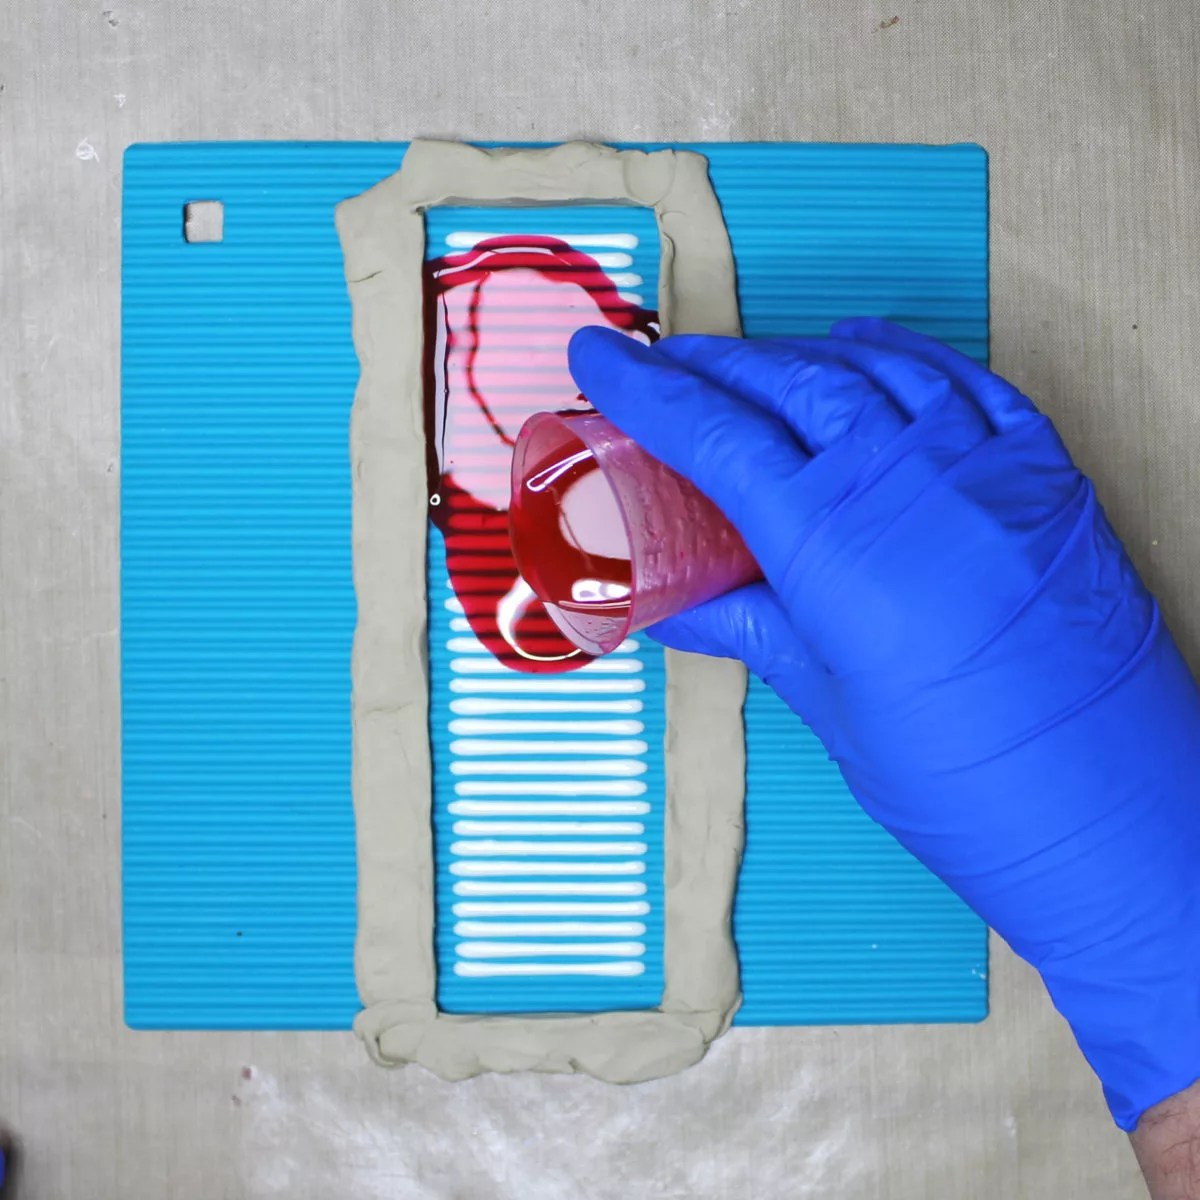 pouring resin onto a silicone mold
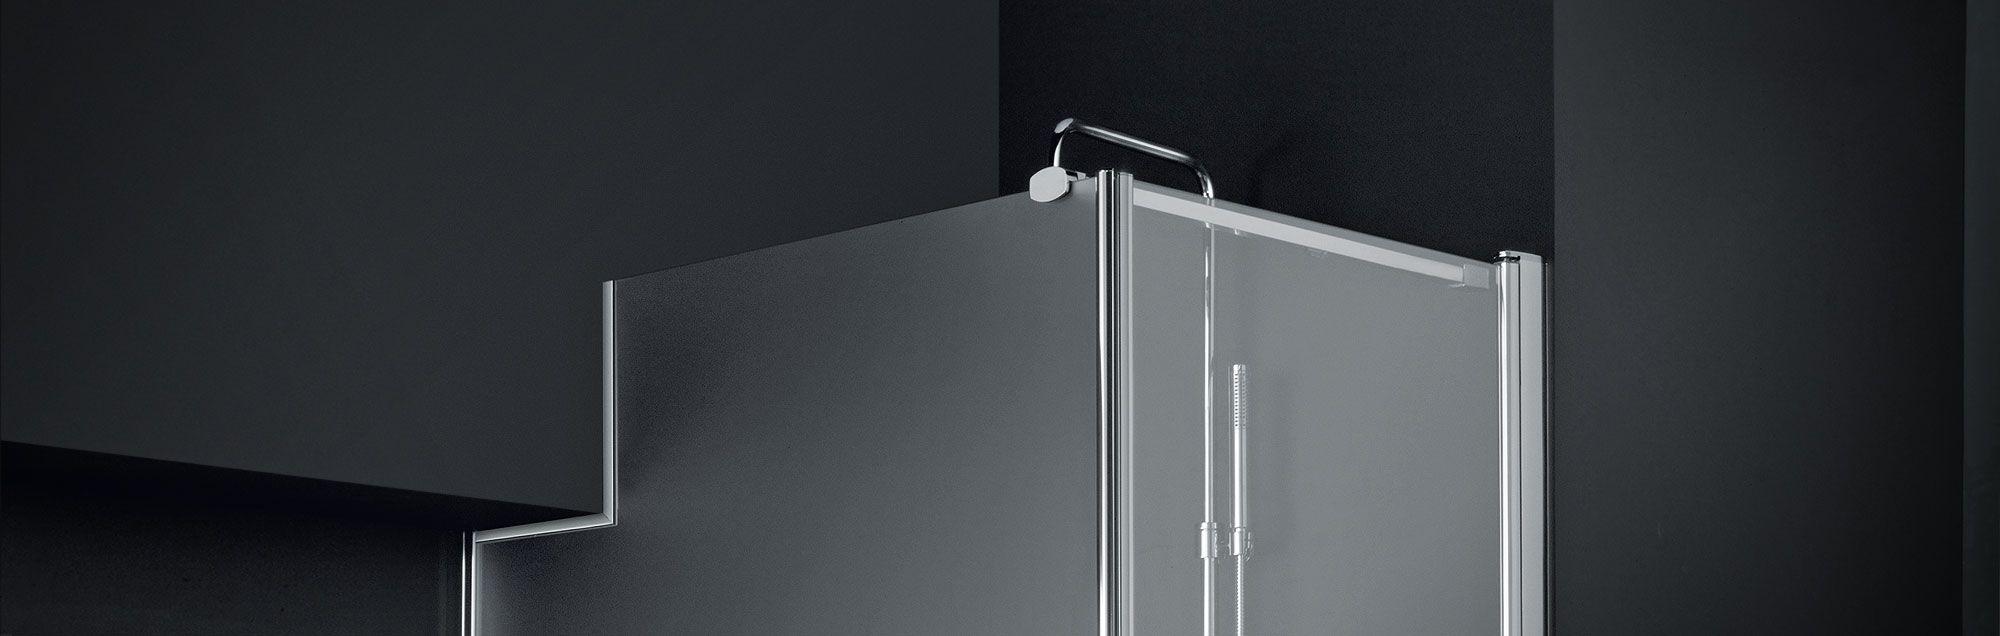 Mamparas especiales de bañera a medida PROFILTEK
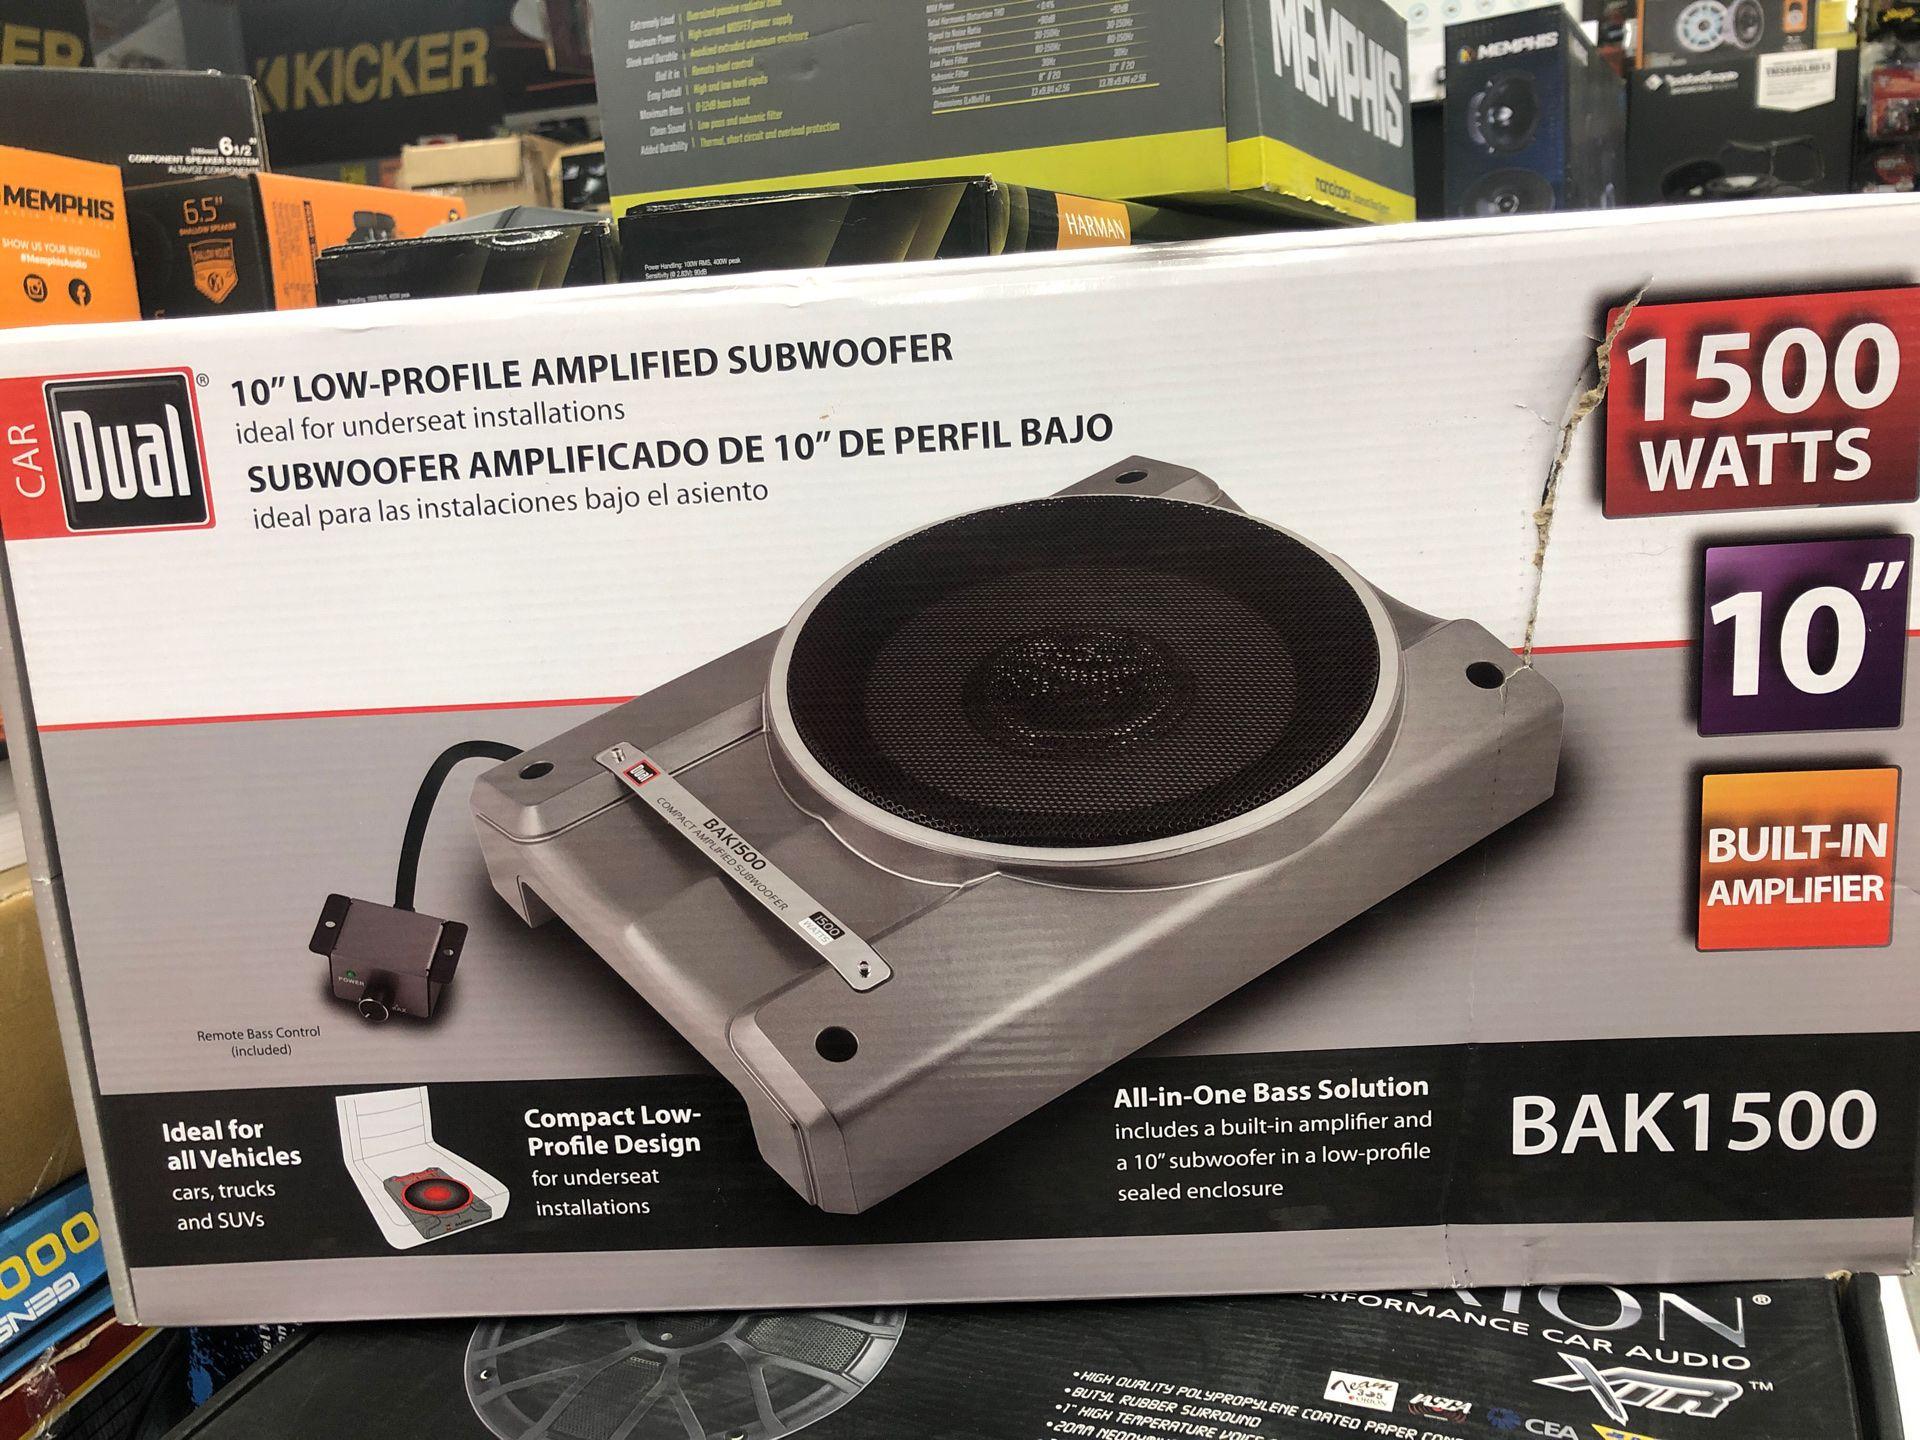 DAk 1500 watts subwoofer and box amplifier
== == ==
(ABOUT THIS TASK):
Leave the pictures out and print the whole listing precisely.

(OUTPUT):
 pouring resin onto a silicone mold
 Mamparas especiales de bañera a medida PROFILTEK
 DAk 1500 watts subwoofer and box amplifier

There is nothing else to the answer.